フィギュアスケーターたちの苦悩を氷上に投影させた力作

 将来、トップに立つことを期待されたジュニアフィギュアスケーターたちが集まる榛名学園スケート部。
 『氷上のシヴァ』は、そこにやって来た”芝浦当麻”という突出した才能の持ち主の少年を”氷上の神”となぞらえ、コーチを含め、スケート部に所属するメンバーのそれぞれの葛藤や苦悩を卓越した表現力で書き連ねた秀作です。

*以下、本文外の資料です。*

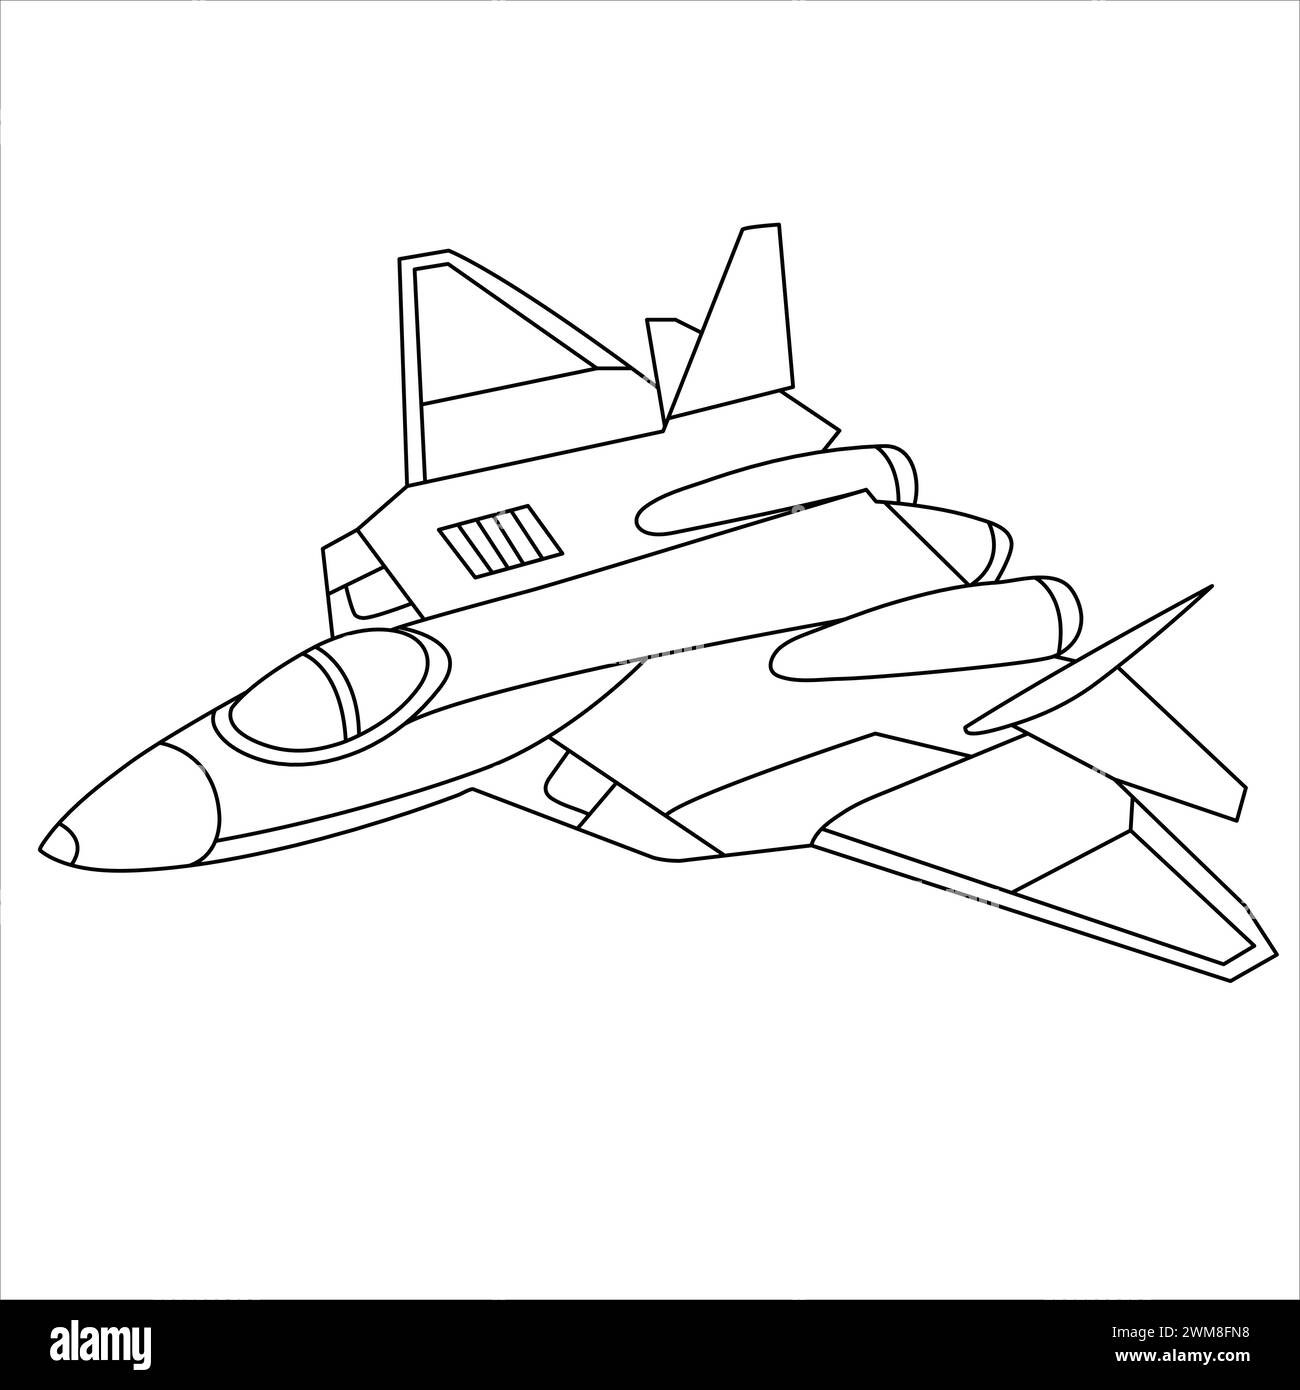 Livre de coloriage d'avions militaires pour enfants et adultes. Design Air Fighter Outline. Avion de dessin animé isolé sur fond blanc. Tirage de chasseur Jet Illustration de Vecteur

 特に臨場感溢れるフィギュアの滑走シーンと、不意に現れる白昼夢のような幻想の中で語られる若いフィギュアスケーターたちの心の内は、繊細で、苦悩に満ちて、時に読んでいて胸が苦しくなってしまうほどです。
『そのスケーター、異能。正体は、神か悪魔か』
 キャッチコピーには、そうありますが、芝浦当麻という存在自体も、とても脆くて神のように誰かの上に君臨するような強さを供えているわけでもないところが、彼の魅力をいっそう引き立てているようにも思いました。

 登場人物の中では、私的には唯一、当麻の幻惑に抗った人物と思える霧崎洵と、兄になりたいと心の内で願った双子の妹の霧崎汐音との関係性がとても興味深く、洵と汐音、当麻の3人がこの作品の中で際立って個性が光っていると思いました。

『天上のシヴァ』は、フィギュアスケートというスポーツをモチーフにした小説ですが、純文学のような表現に加え、ファンタジーティストもある読みごたえのある構成で、ぜひ、お薦めしたい作品です。